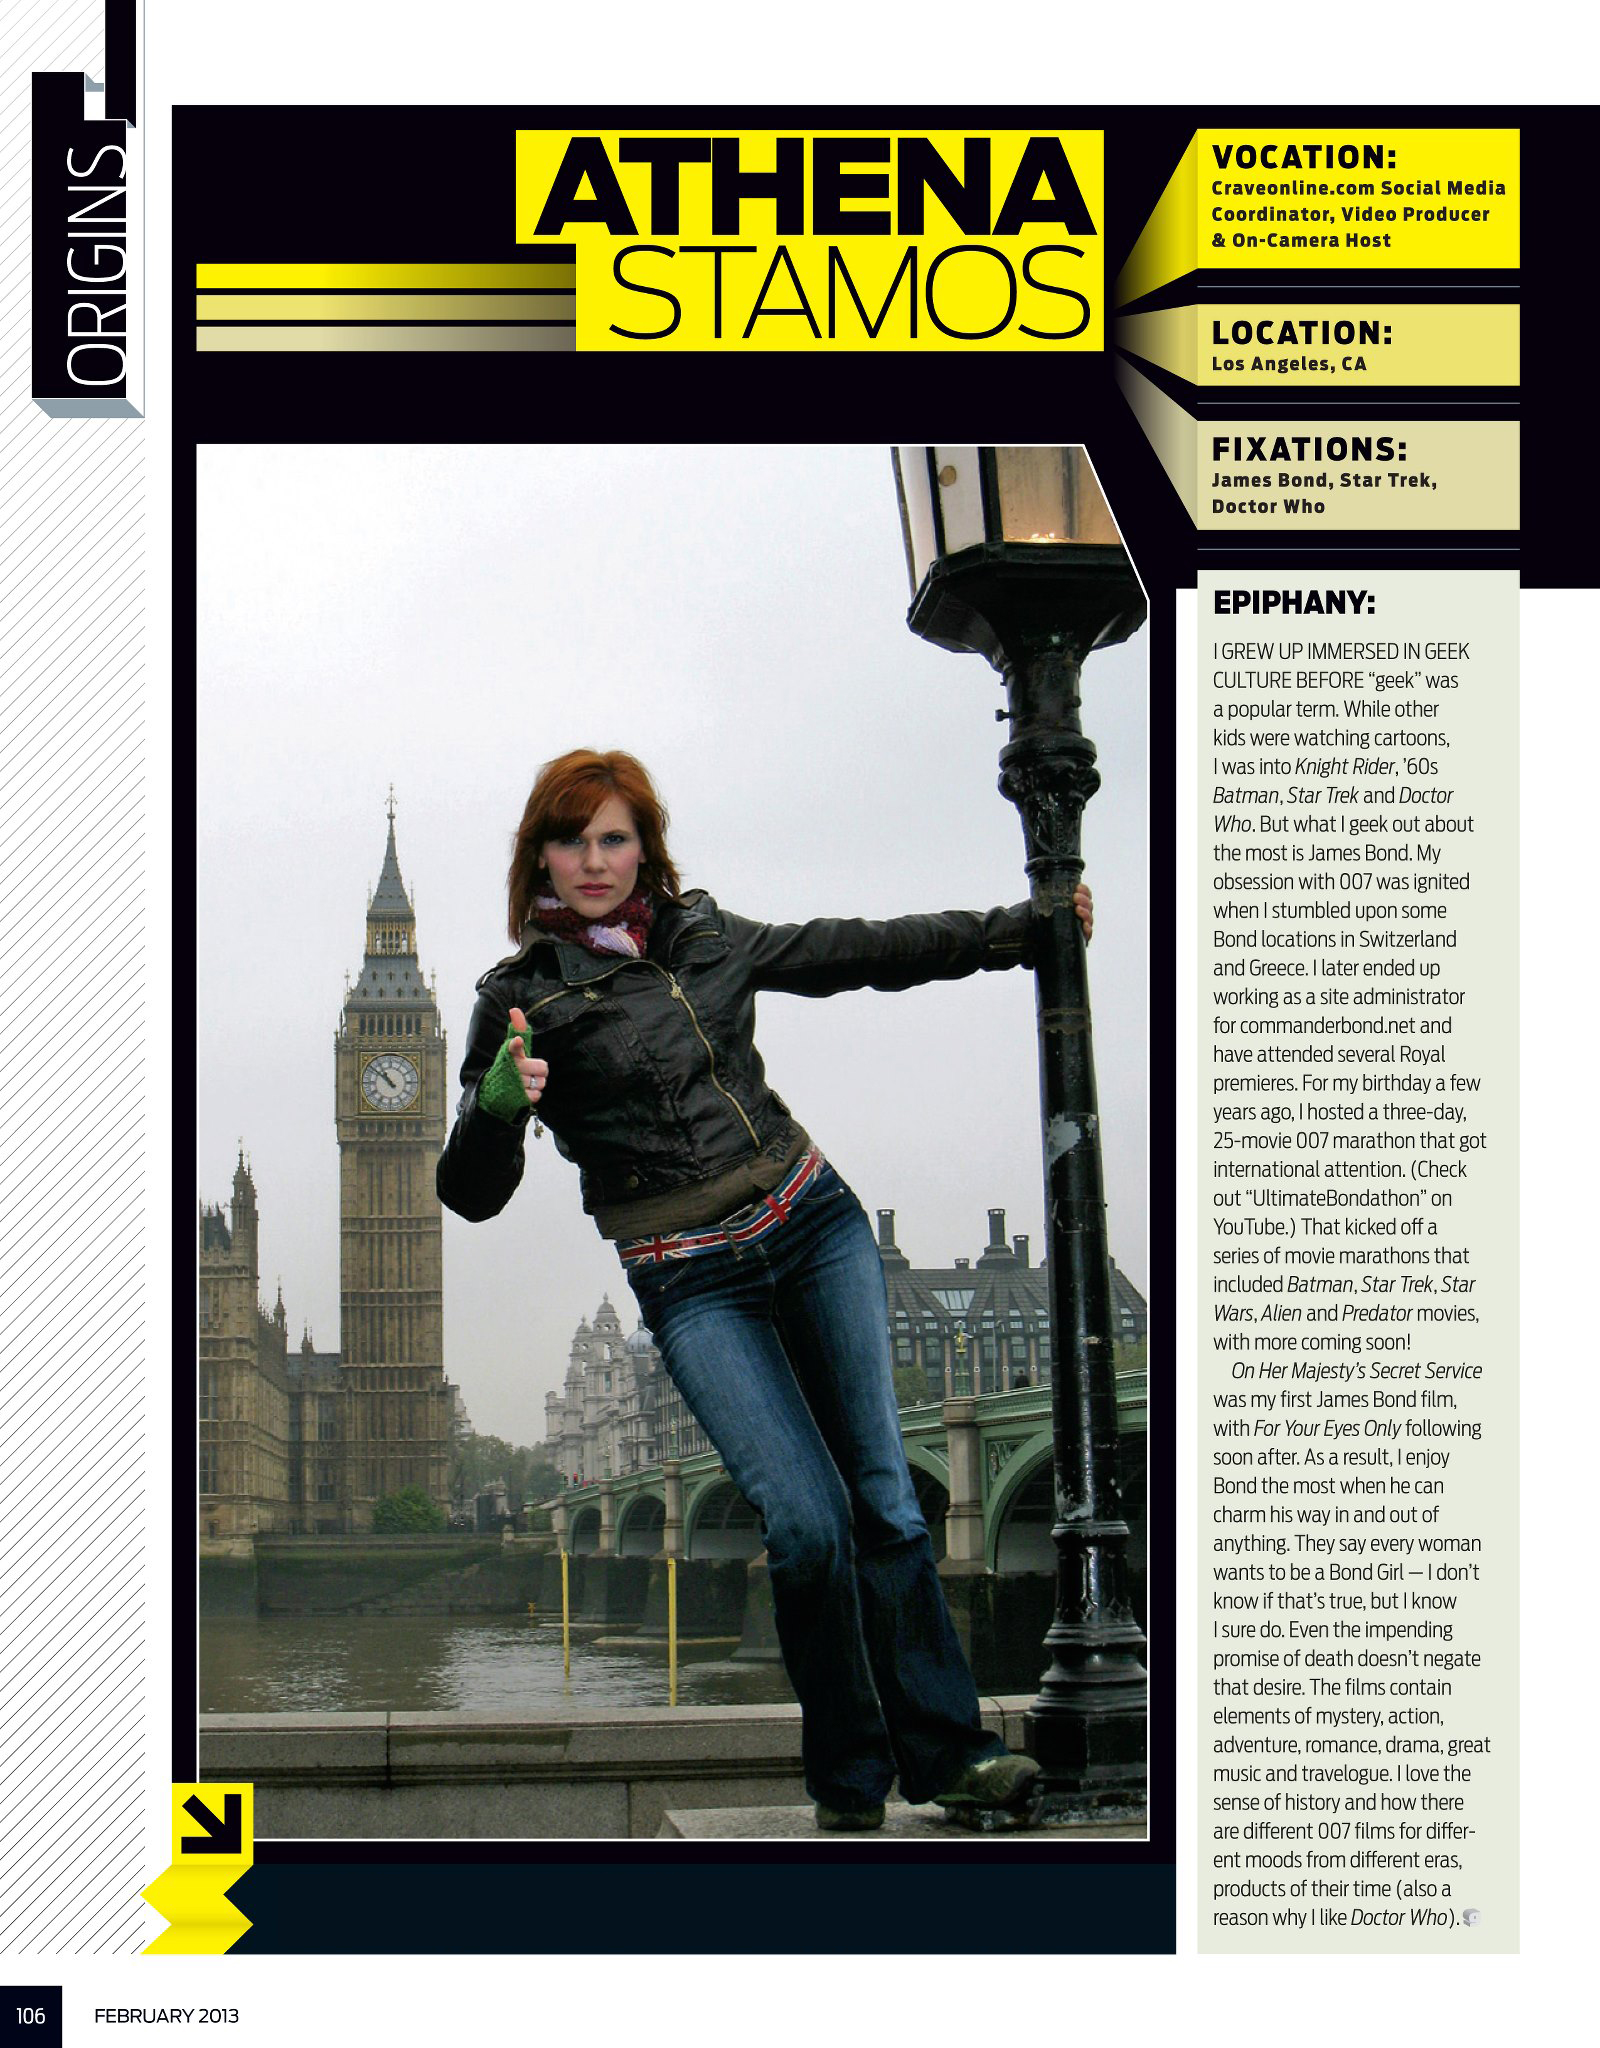 GEEK Magazine , volume 5. Representing James Bond as a team member at  commanderbond.net . Photographer: David Winter
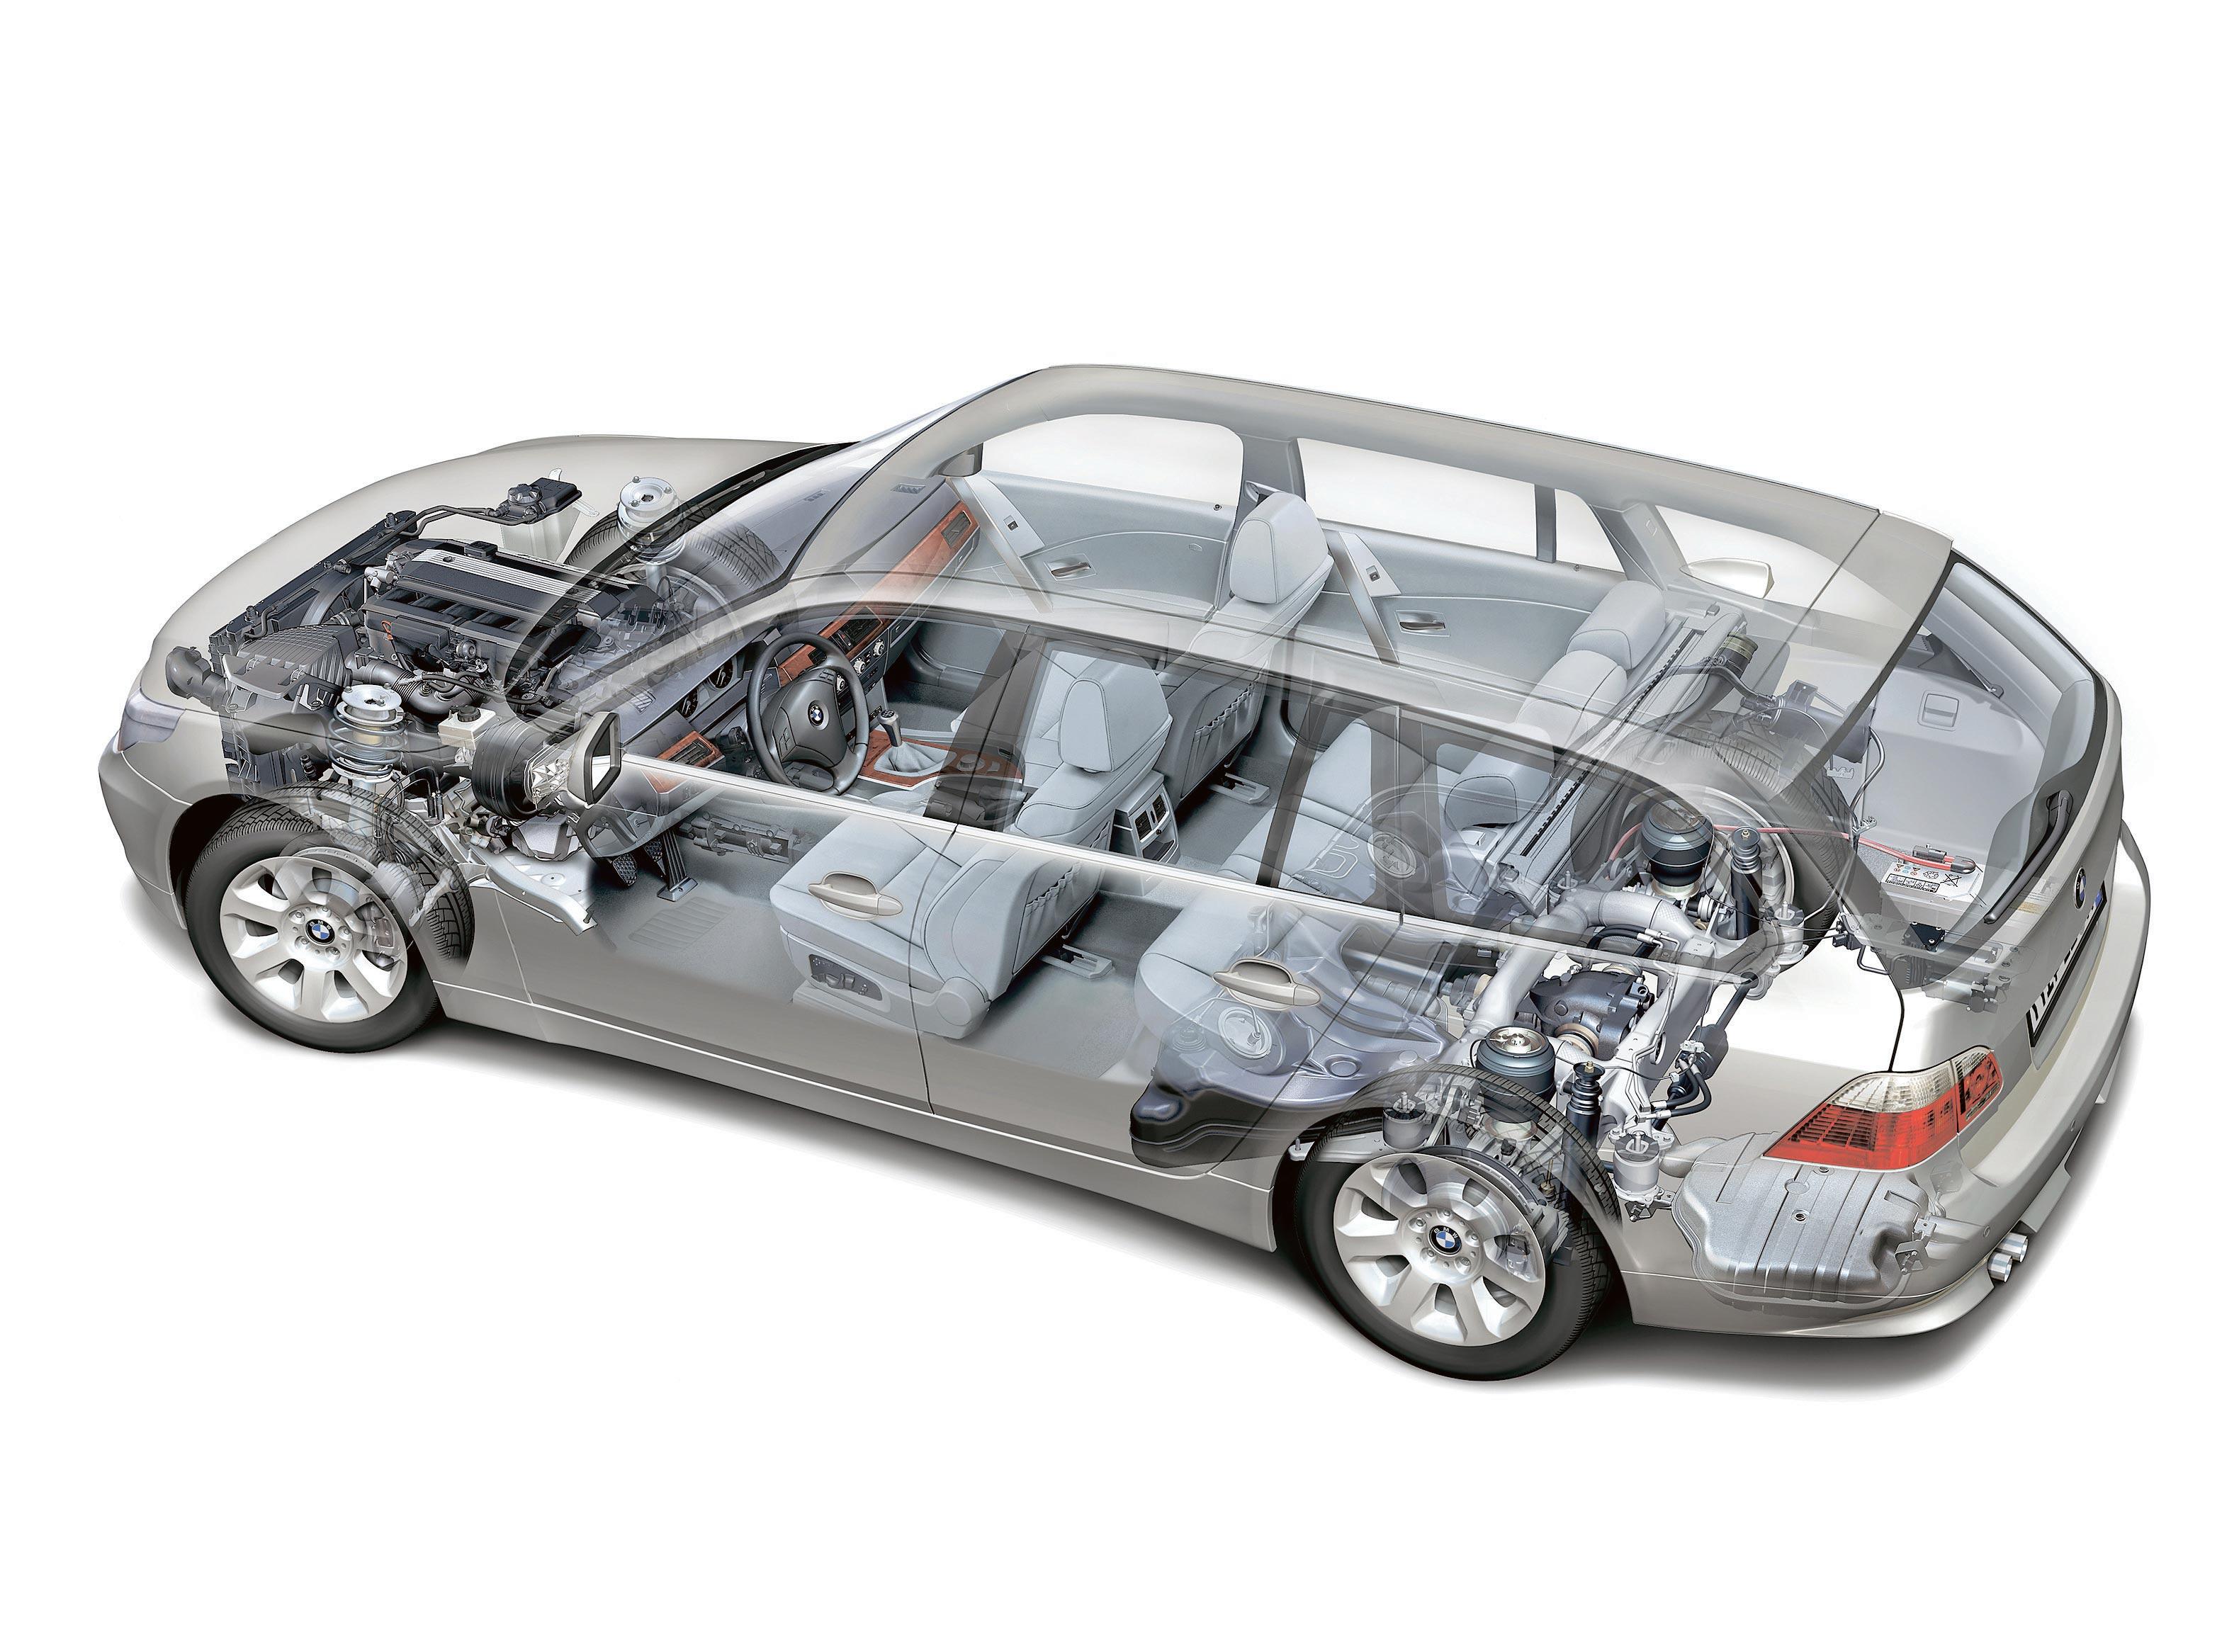 BMW 5 Series Touring E61 cutaway drawing
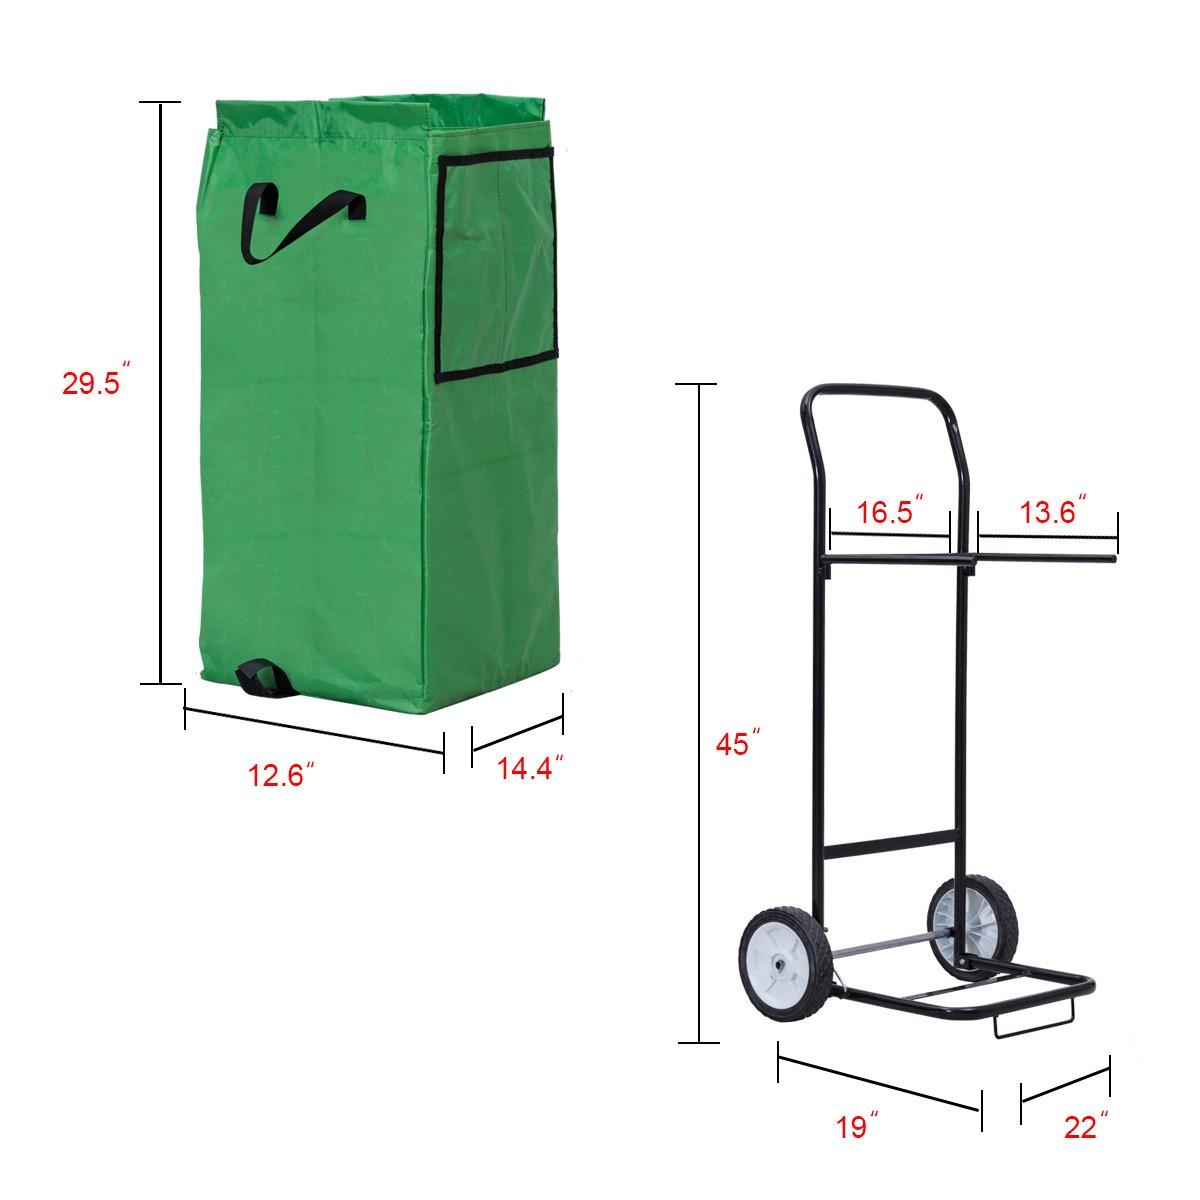 Goplus Portable Gardening Lawn Leaf Bag Detachable Tote Cart Multifunctional Folding Basket w/ Pocket Green by Goplus (Image #3)

* **Problem**:
Above is a listing with pictures. Write it out exactly without them.

* **Solution to the exercise**:
 GEEK Magazine , volume 5. Representing James Bond as a team member at  commanderbond.net . Photographer: David Winter
 BMW 5 Series Touring E61 cutaway drawing
 Goplus Portable Gardening Lawn Leaf Bag Detachable Tote Cart Multifunctional Folding Basket w/ Pocket Green by Goplus (Image #3)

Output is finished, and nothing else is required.